Whitehurst addressed this potential in his brief remarks, speaking about Linux and the rise of containerized services. “That is where the vast amount of innovation is happening,” he said, using data-generating autonomous cars as a prime example of how Red Hat and IBM could combine forces to write a new chapter in infrastructure at the edge. “The combination of what we can do together is really exciting.”
Whitehurst also described his belief that the technologies powered by his company’s open-source tools hold enormous potential for the future of enterprise computing. “The real value is when your data and processes that you have can leverage this set of technologies,” he said. “What we try to do is make open innovation consumable for enterprise.”
Major focus on AI
If specifics about the integration of Red Hat into IBM’s business plan may have been in short supply on Tuesday, Rometty and her company had plenty to say about artificial intelligence. During the first two days of the conference, IBM made several AI-related announcements, the most significant of which was that Watson will be made available for use on any cloud.
“This is in response to what you told us about data,” Rometty said in reference to customer feedback seeking flexibility to move information between cloud platforms. “This will be the most open, scalable AI for business in the world.”
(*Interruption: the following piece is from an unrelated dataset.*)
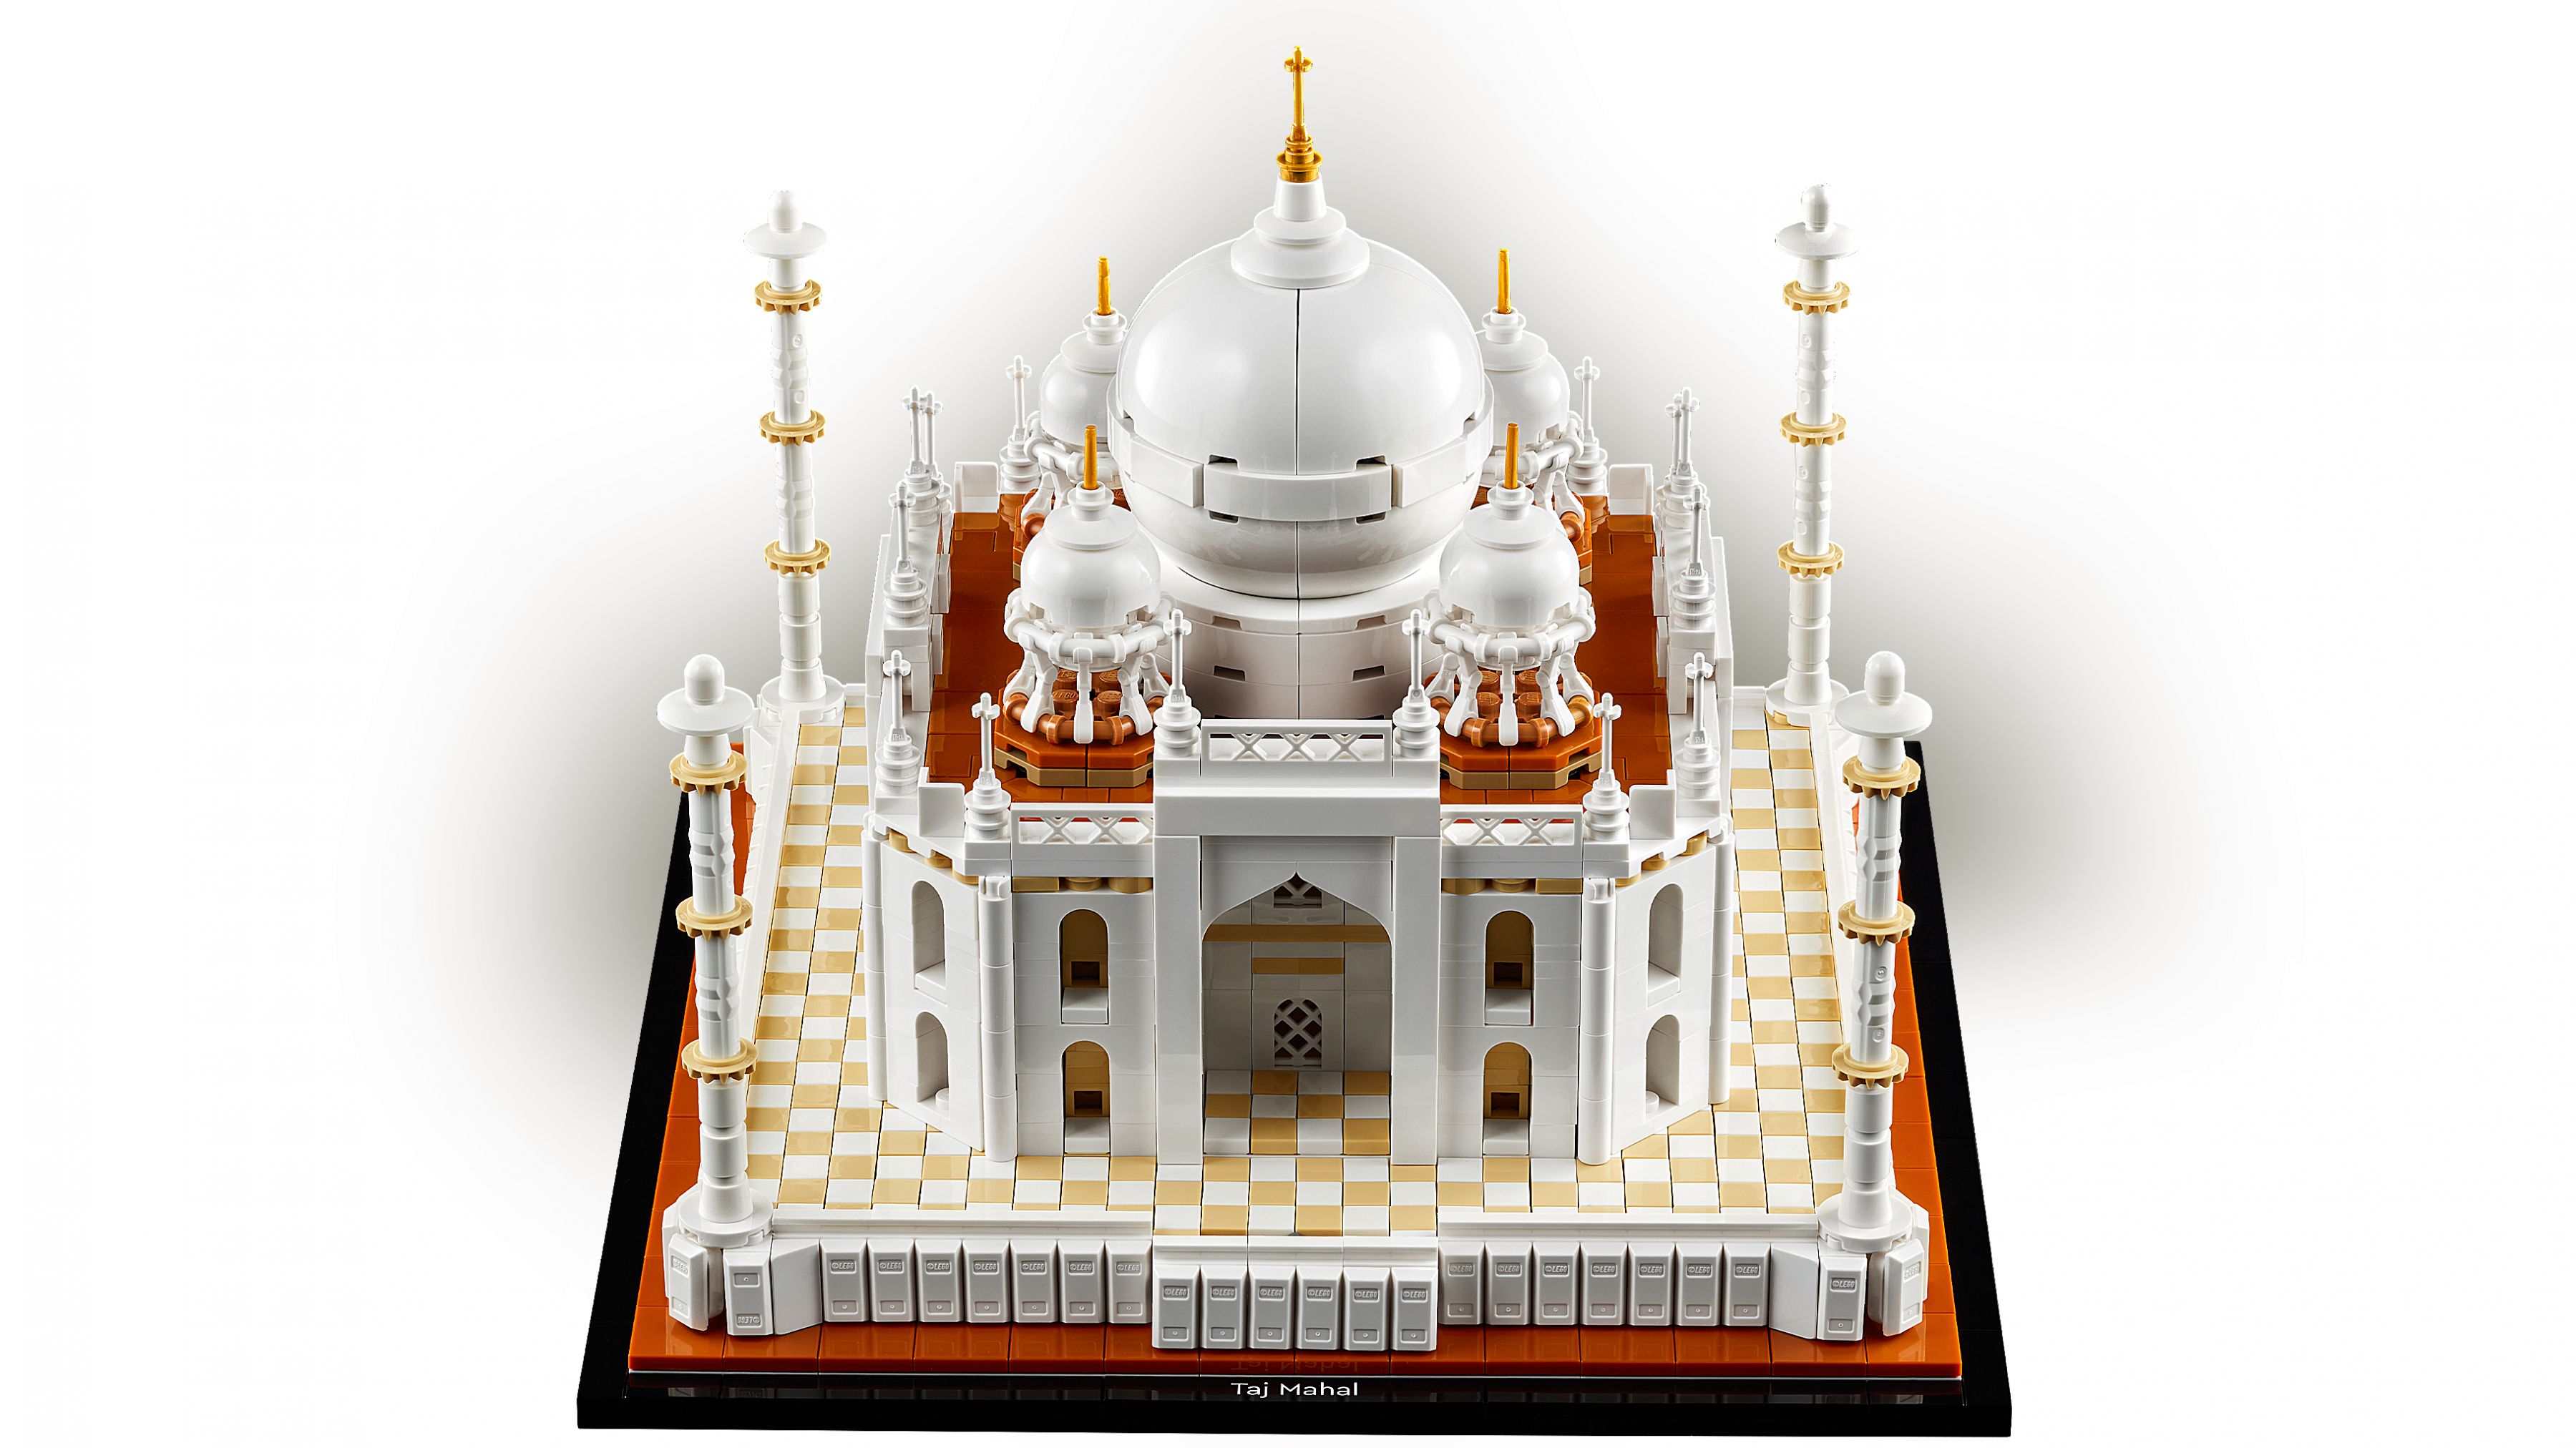 LEGO Architecture 21056 Taj Mahal LEGO_21056_web_sec02_nobg.jpg
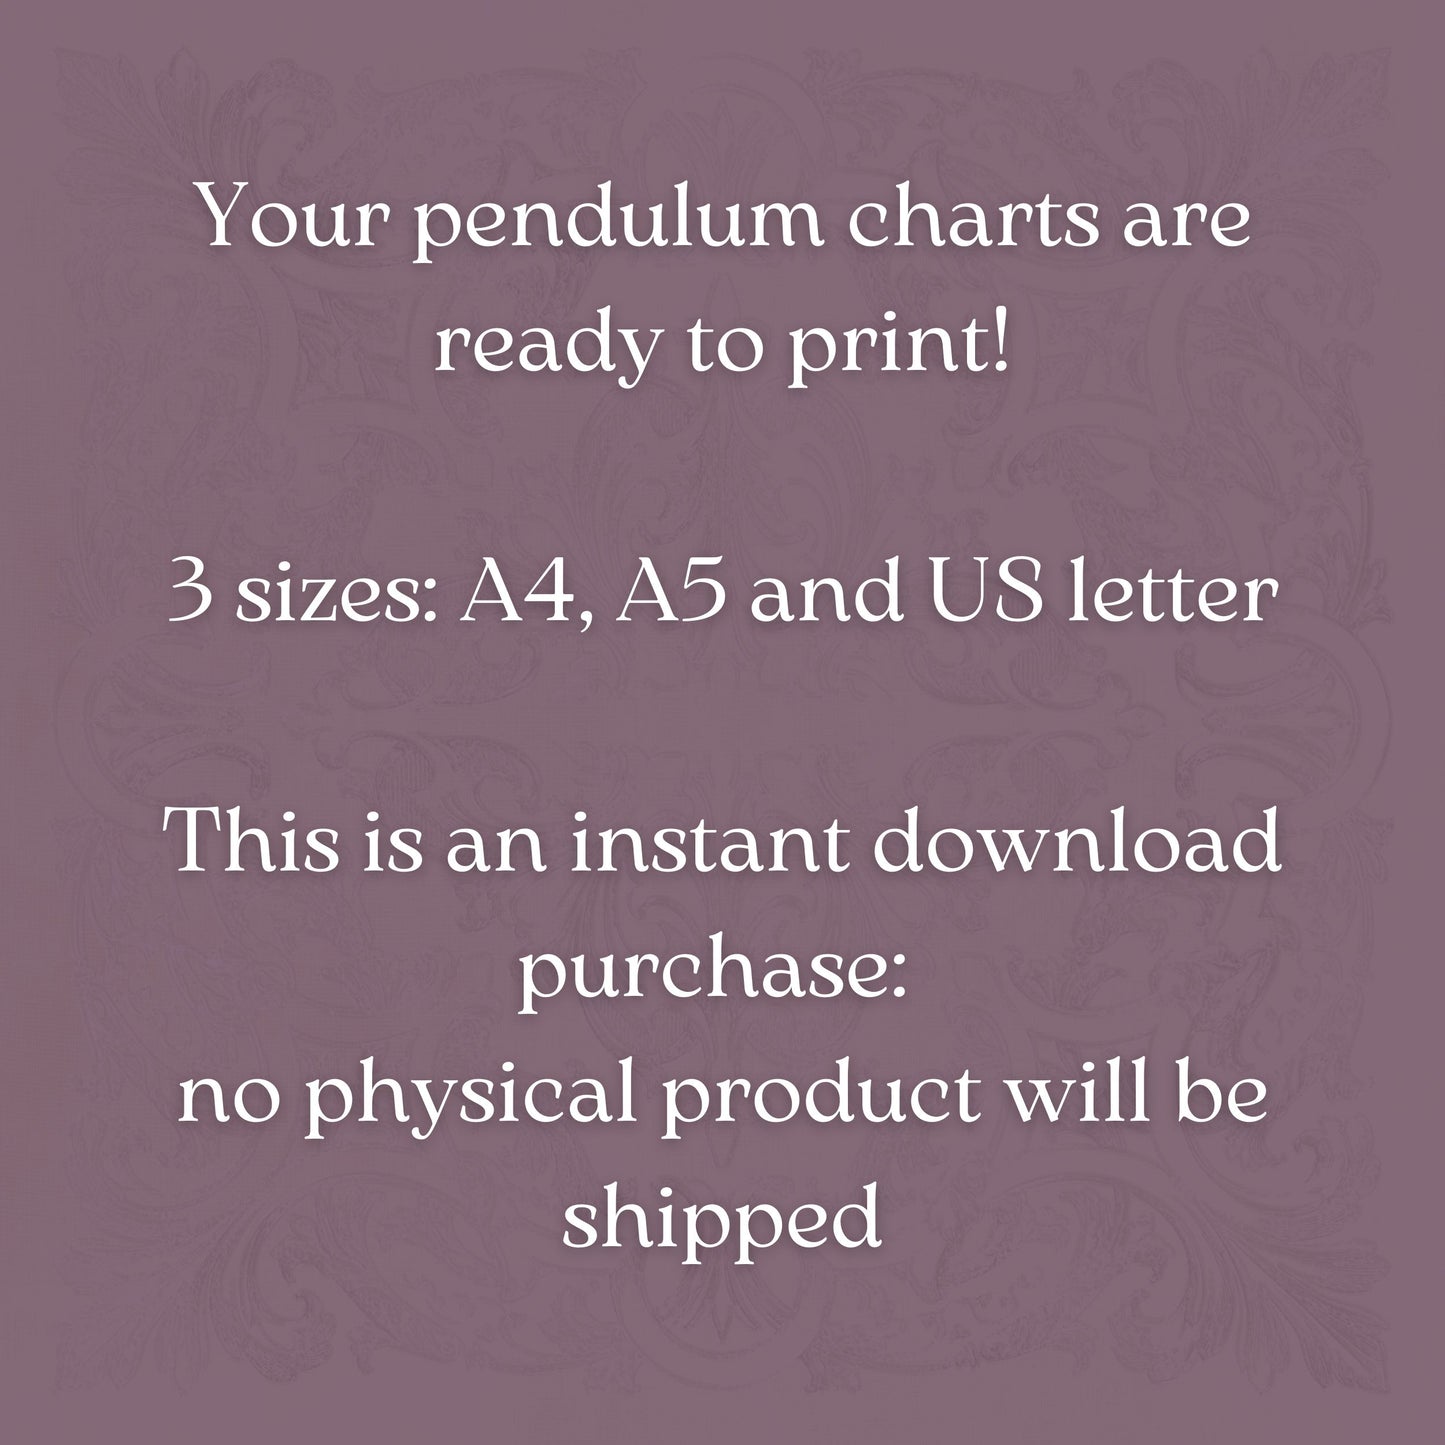 Chakras printable pendulum charts Baguette Magick

Rometty also teased the audience with an allusion to AI research at IBM. Last week, the company announced plans to open a research hub dedicated to the development of next-generation AI hardware.
“The biggest thing we’re working on is how to get AI to learn with less data,” said Rometty, who also indicated that additional research-related AI news was “soon to be coming out.”
Trusted and scalable
Rometty took time to articulate her vision for the AI industry in general. In addition to the core research that IBM is conducting to improve AI tools, the company is also focused on what Rometty described as “Trusted AI” and “Scaling AI.”
Mindful of the hit the technology industry has taken recently over the loss and misuse of user data, IBM recently launched a software service to scan systems using AI for bias detection. “Being trusted means to repair society, to live and work in this age so that no one is left behind,” she said.
IBM also announced this week that it would merge its PowerAI server line with Watson to accelerate machine learning training. The company’s announcement claimed a 46 times acceleration rate through this move, but IBM had bigger plans for future advancement.
“This is AI to automate AI,” Rometty said. “Our aim is to make it a thousand times more efficient to do this.”
The rollout of new AI tools and the promise of Red Hat’s open-source technology to reshape the enterprise signifies IBM’s interest in being a big part of the computing conversation in the years ahead.
But it will be a challenge, and not just because of all the competition from cloud giants such as Amazon Web Services Inc. and Microsoft Corp. Many enterprises are still grappling with the complexities of cloud computing on which Rometty is betting IBM’s future. Bernard Tyson, chairman and CEO of Kaiser Permanente, for example, went slightly off-script in his own conversation with Rometty on Tuesday.
“Now I think I know everything about the cloud,” Tyson said. “I still don’t quite get it.”